# Task to complete:
Restate the listing below word for word, pictures excluded.

# Information supplied:

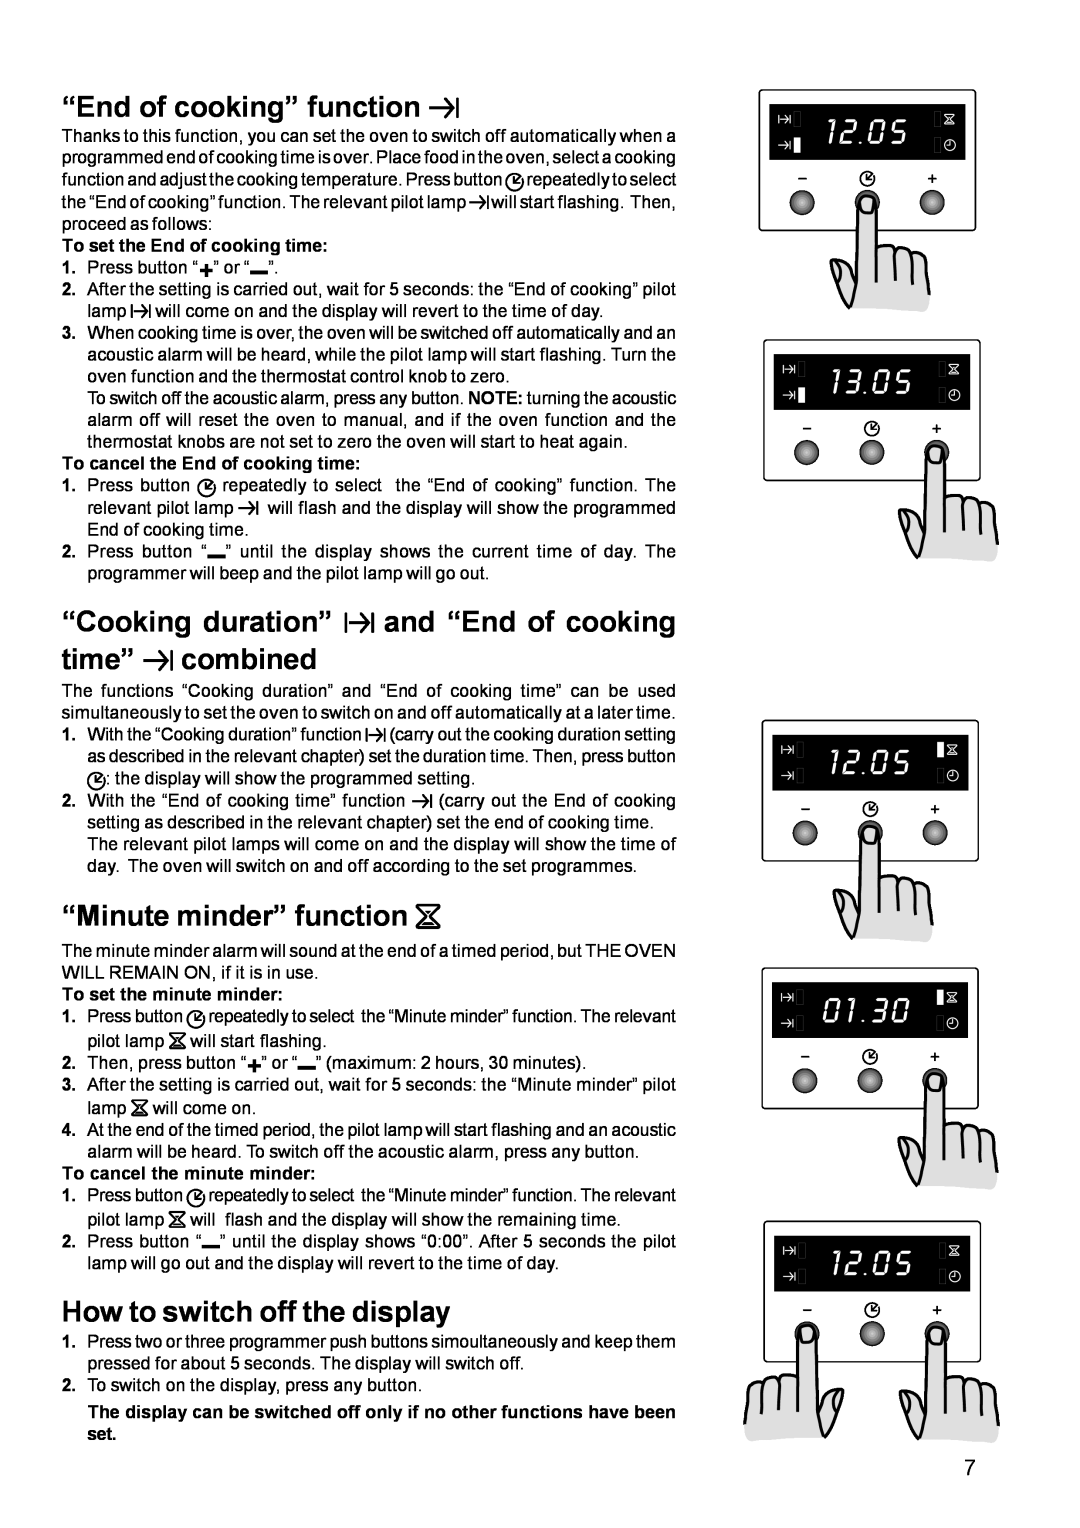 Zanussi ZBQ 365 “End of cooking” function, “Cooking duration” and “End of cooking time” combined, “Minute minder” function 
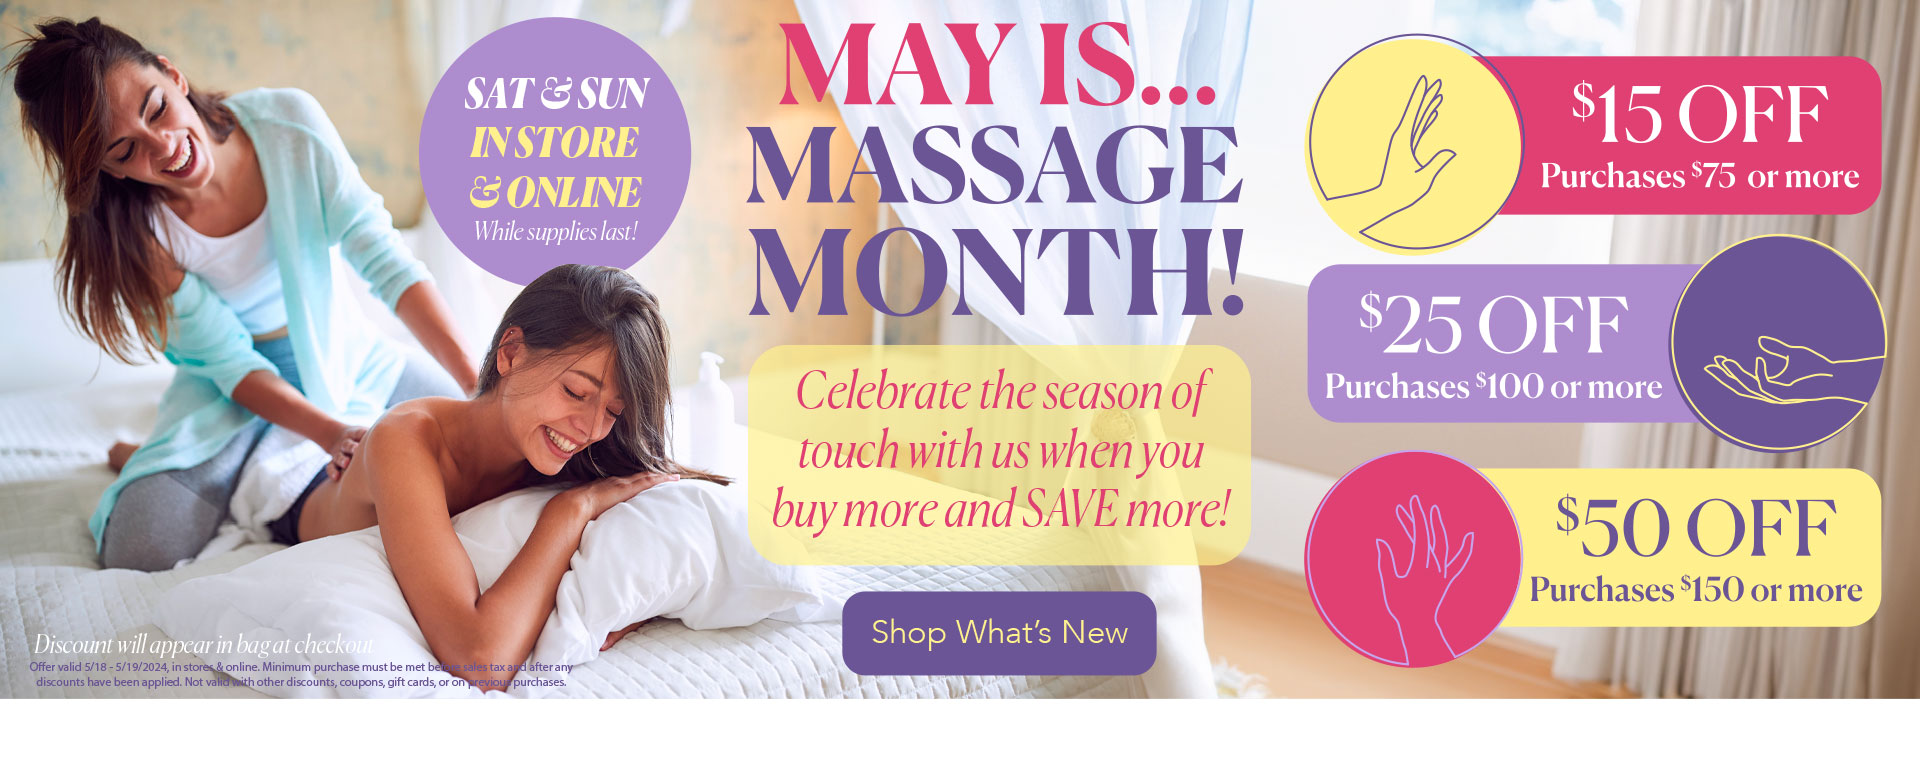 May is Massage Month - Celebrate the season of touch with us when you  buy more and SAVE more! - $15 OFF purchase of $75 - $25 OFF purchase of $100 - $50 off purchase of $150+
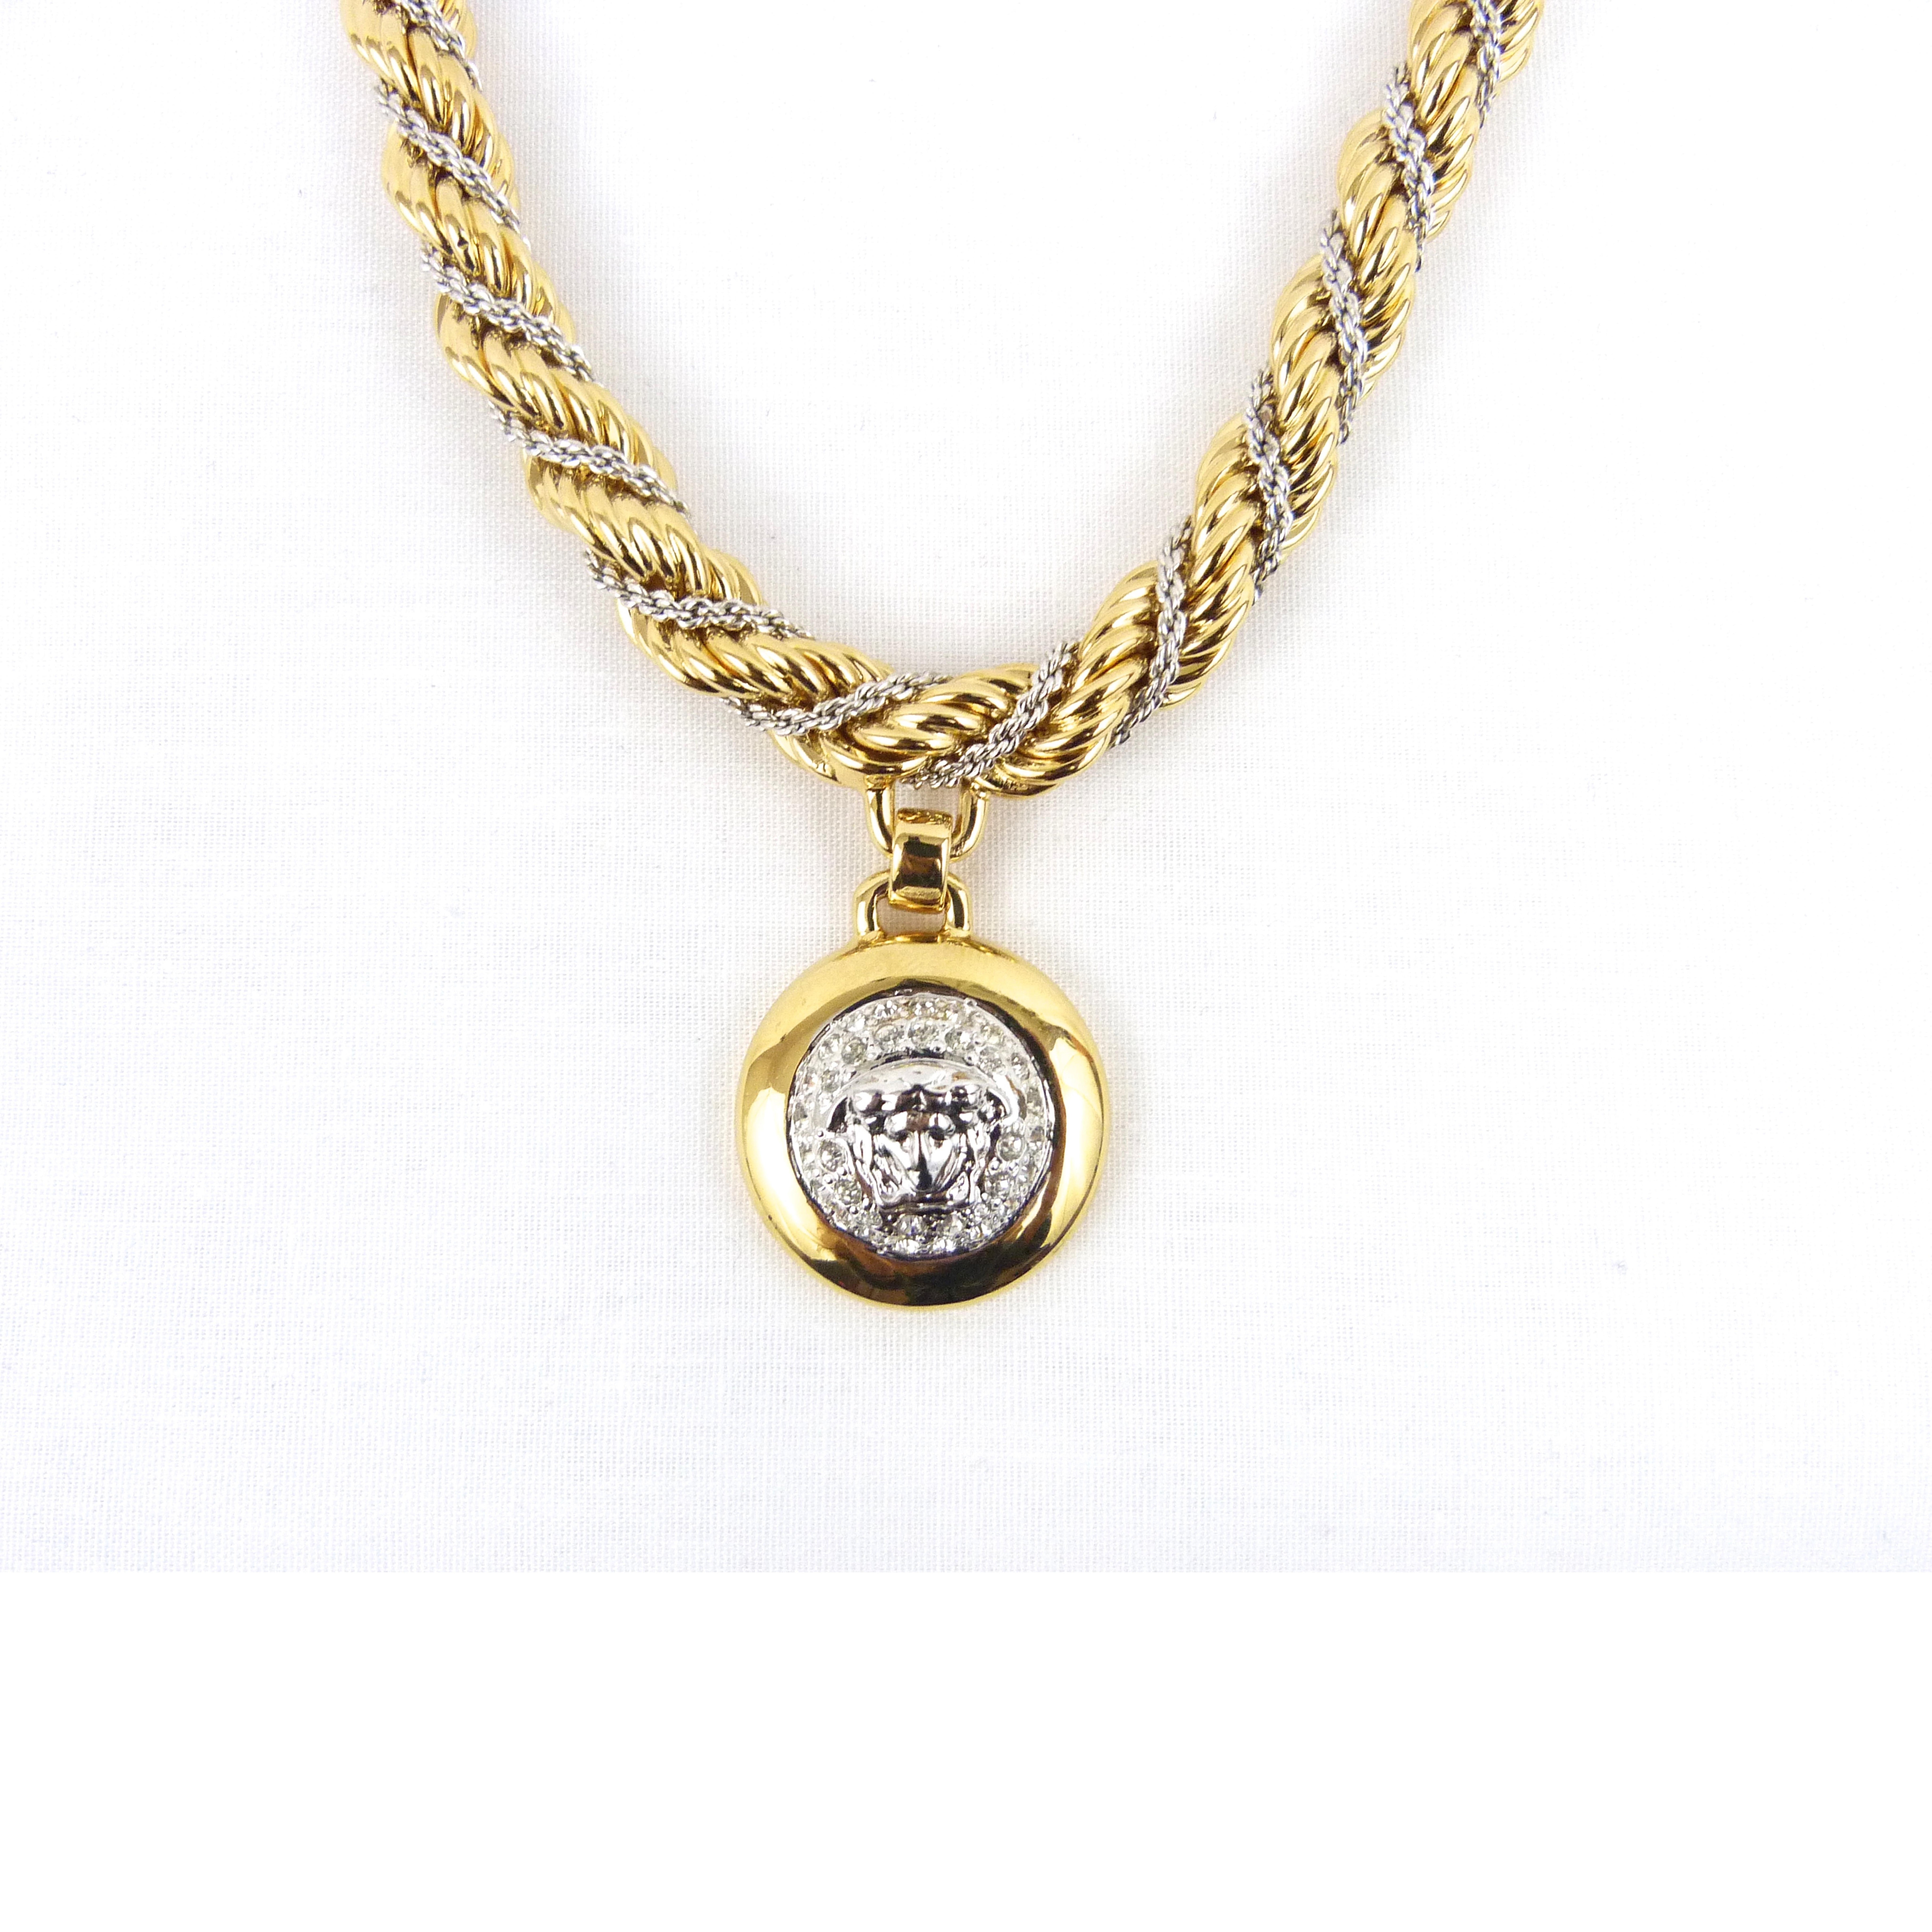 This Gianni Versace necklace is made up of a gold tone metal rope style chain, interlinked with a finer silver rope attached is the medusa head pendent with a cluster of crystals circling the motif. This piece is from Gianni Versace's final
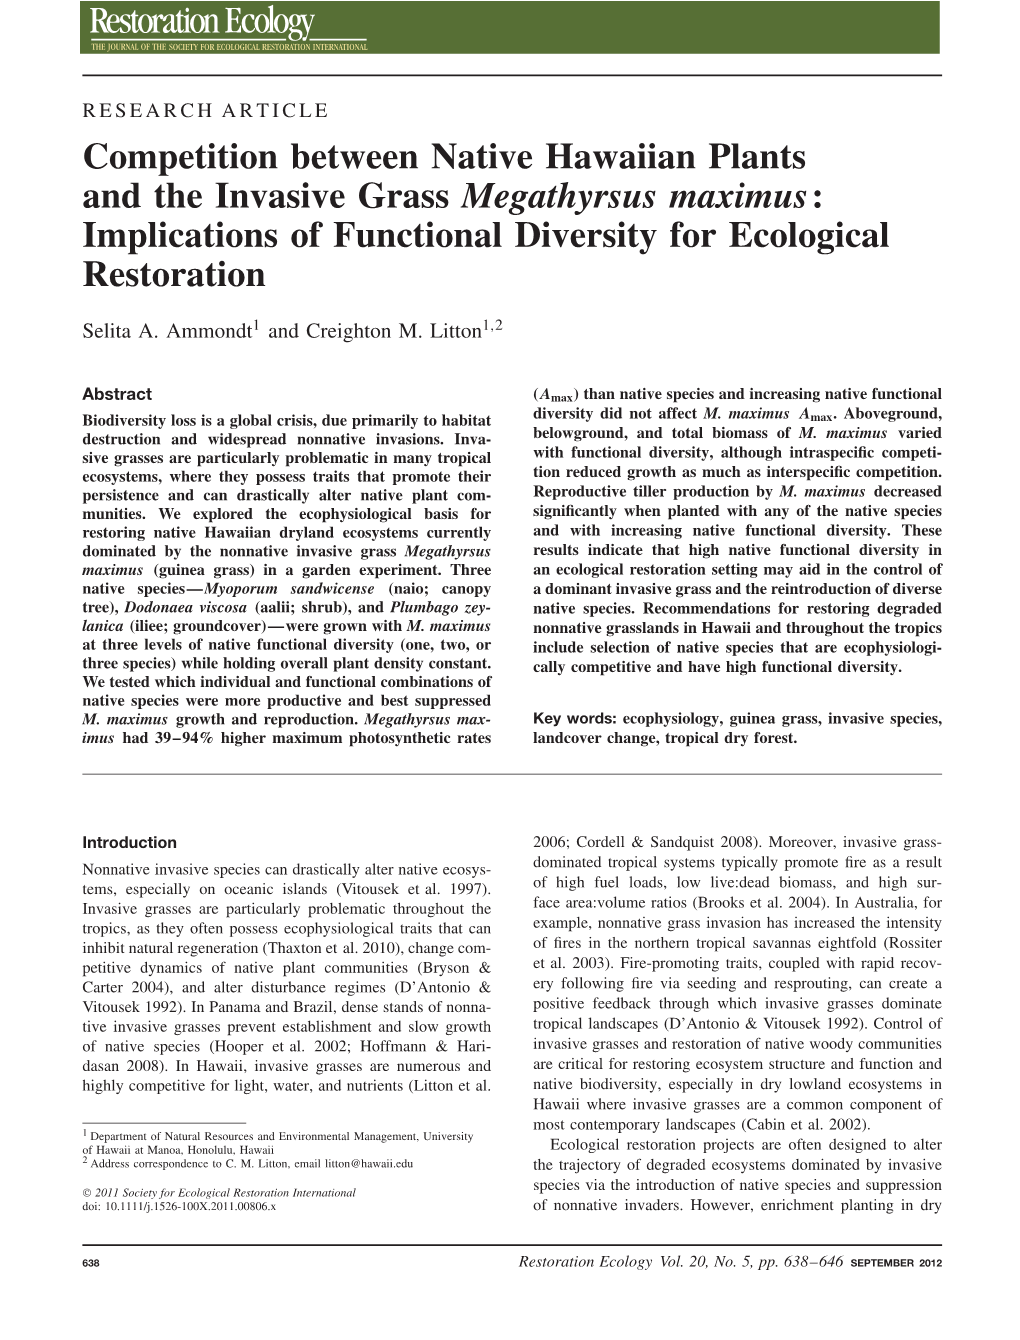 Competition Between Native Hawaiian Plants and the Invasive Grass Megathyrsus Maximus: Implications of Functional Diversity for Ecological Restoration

# Response to this exercise:
 Zanussi ZBQ 365 “End of cooking” function, “Cooking duration” and “End of cooking time” combined, “Minute minder” function 
 May is Massage Month - Celebrate the season of touch with us when you  buy more and SAVE more! - $15 OFF purchase of $75 - $25 OFF purchase of $100 - $50 off purchase of $150+
 This Gianni Versace necklace is made up of a gold tone metal rope style chain, interlinked with a finer silver rope attached is the medusa head pendent with a cluster of crystals circling the motif. This piece is from Gianni Versace's final
 Competition Between Native Hawaiian Plants and the Invasive Grass Megathyrsus Maximus: Implications of Functional Diversity for Ecological Restoration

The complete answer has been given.